Bello Hassan, Central Bank of Nigeria’s banking supervision director, signed a letter last week directing all banks to stop providing payment services to crypto exchanges. The central bank also called on banks to expose any individual or entity running such accounts. Failure to comply, it warned, could see banks hit with strict sanctions. CBN cited Warren Buffett’s “rat poison squared” description of crypto in its statement. The regulator also pointed to China, which has banned crypto exchanges in favor of a central bank-backed digital currency.

Nigeria is one of the world’s largest users of virtual currencies.
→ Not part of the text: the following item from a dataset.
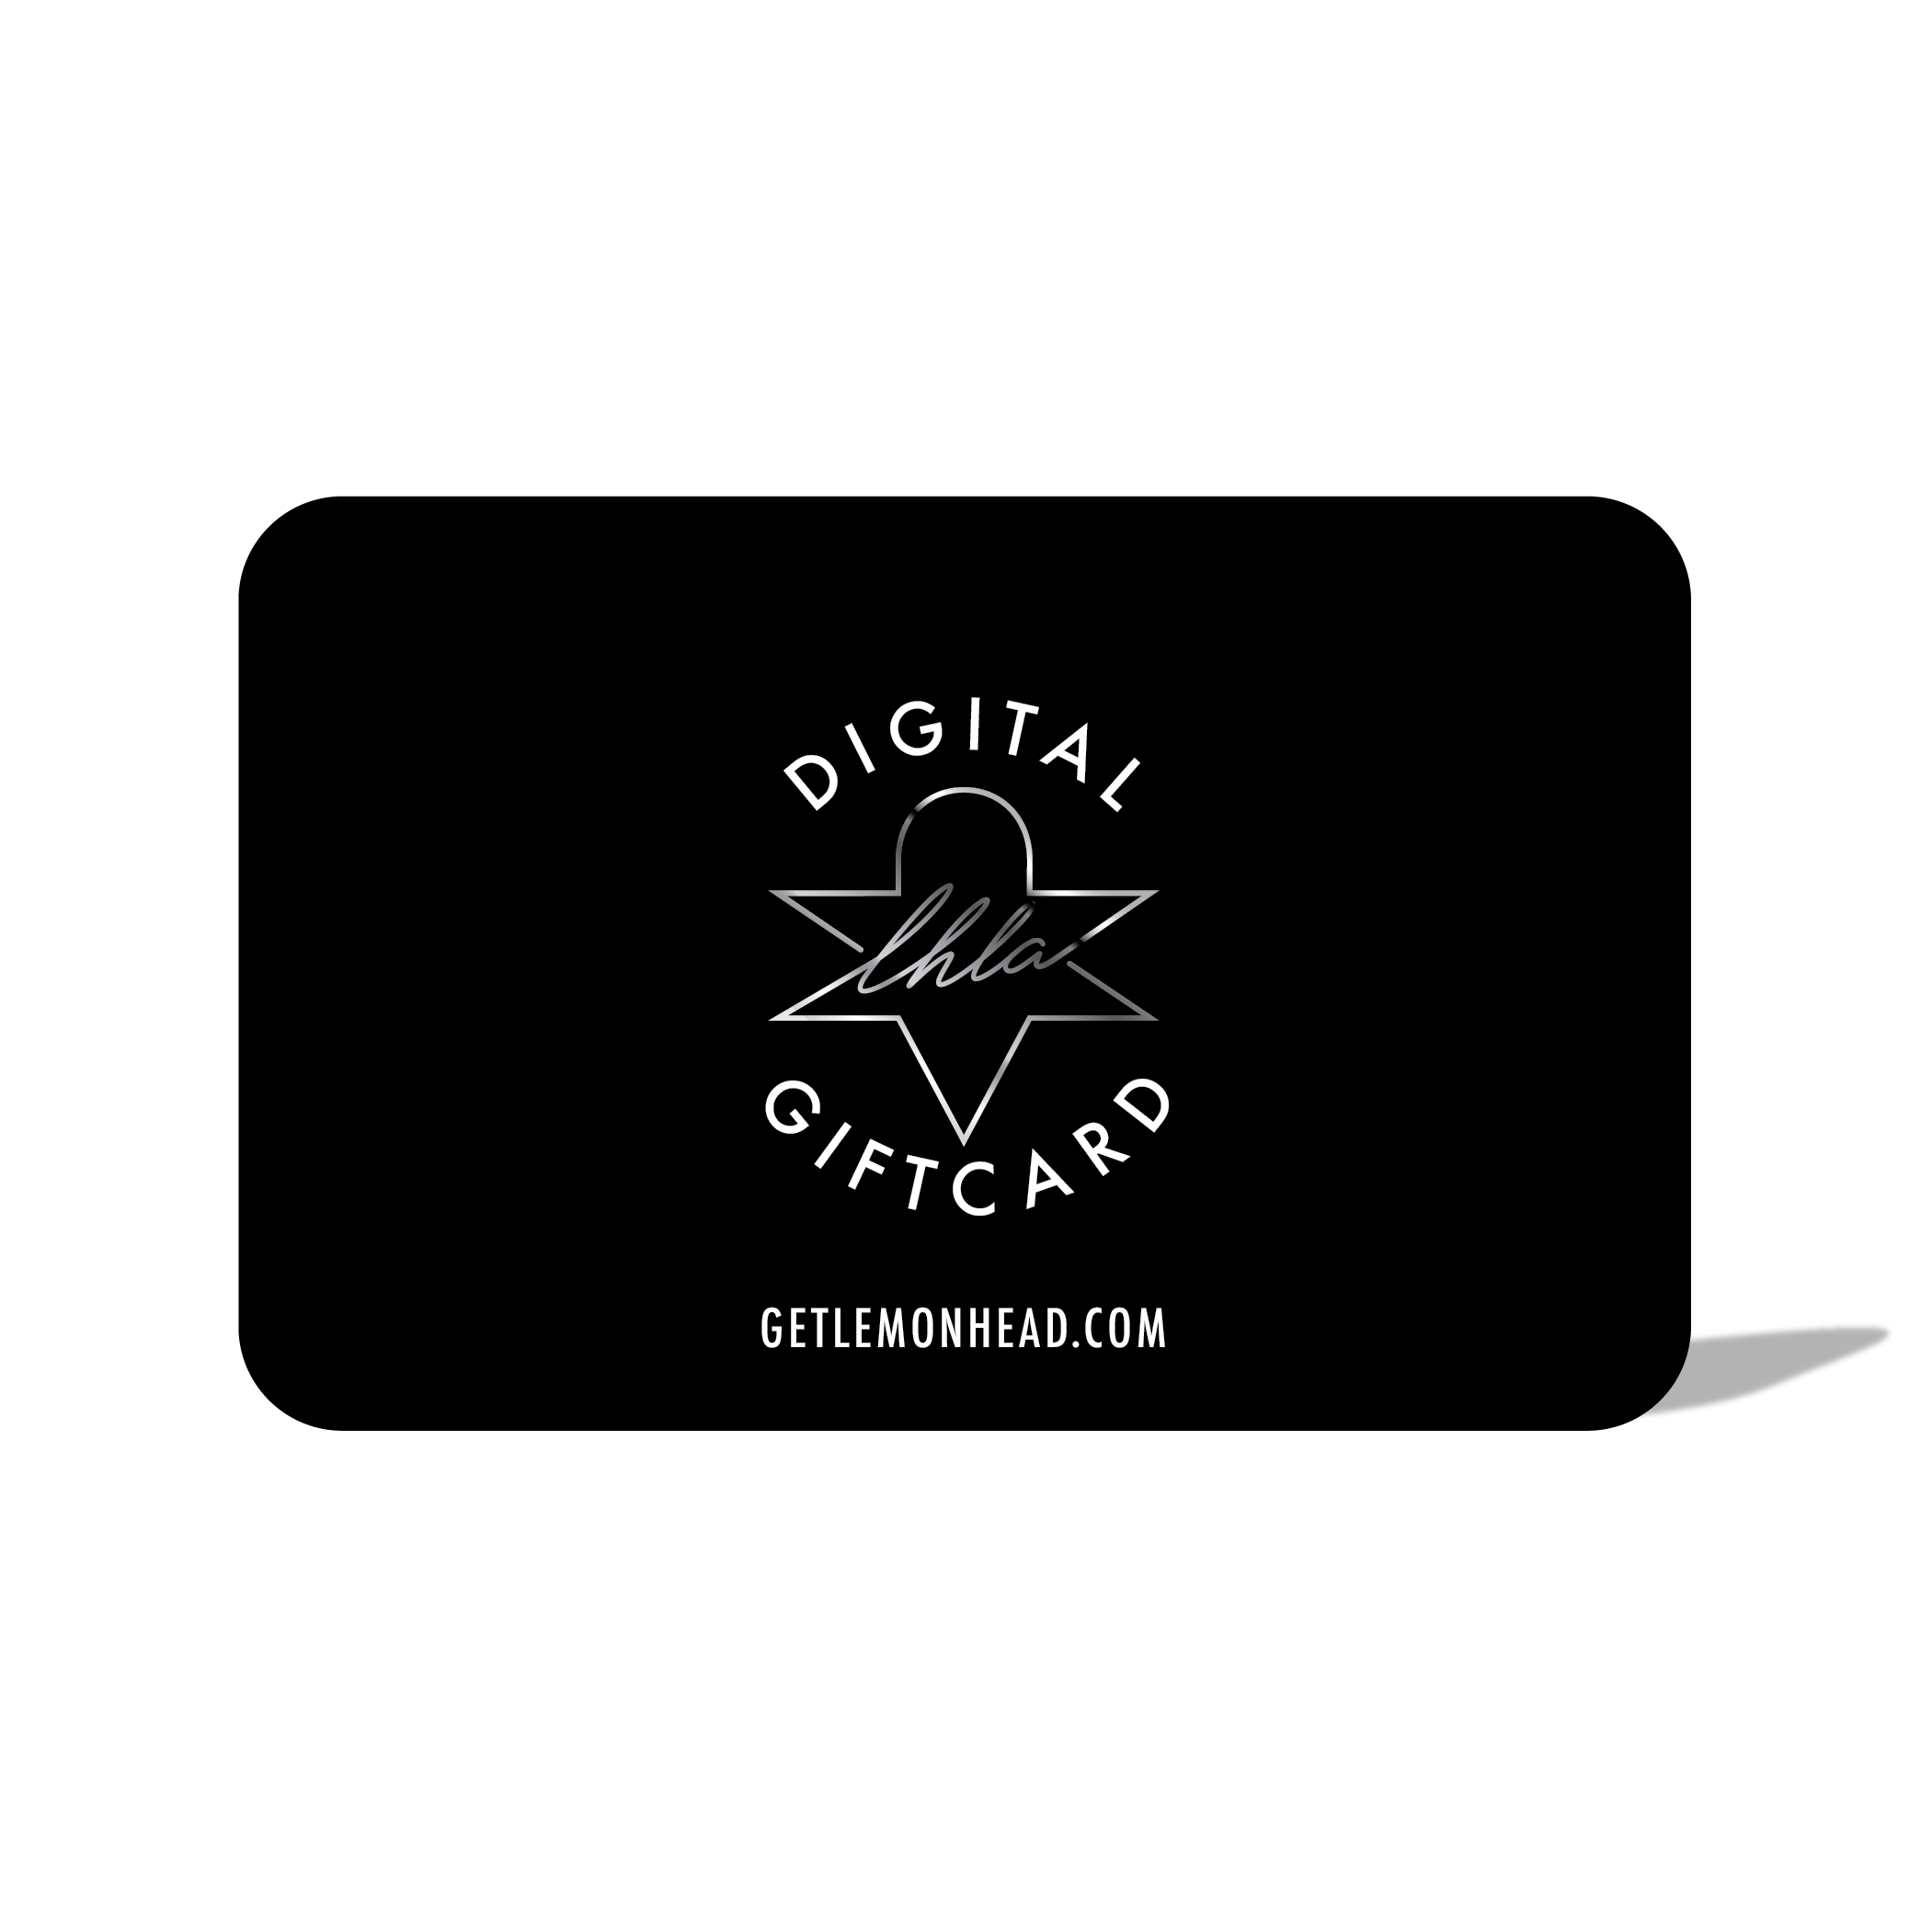 LHLA Digital Giftcard

African country Nigeria is one of the world’s largest users of virtual currencies, pointing to the sheer impact of a crypto-wide bank-backed account ban. According to a Statista report published late last year, almost a third of Nigerians use or own cryptocurrency. And in the first quarter of 2020, Nigeria saw an increase of 210.6% in 18 to 24-year-old crypto users, per a Coinmarketcap report. According to a local Nigerian news outlet, Providus Bank has since closed its virtual bank accounts. Various fintech players use these virtual accounts to provide crypto-based and standard investment and savings services.

Binance also stops deposits in Nigerian Naira.

As reported earlier, Binance announced in a statement that its Nigerian naira payment partners suspended deposit services until further notice, starting from 7 p.m. local time (GMT+1) as of Friday, adding that it is monitoring the situation closely. While the move might impact fiat on- and off-ramps, most of the nation’s crypto trading occurs on peer-to-peer platforms and remains unaffected, according to sources in Nigeria. Since the letter started making rounds on the internet, Nigerian crypto users tweeted the hashtag WeWantOurCryptoBack over 26,000 times, according to data obtained from SproutSocial.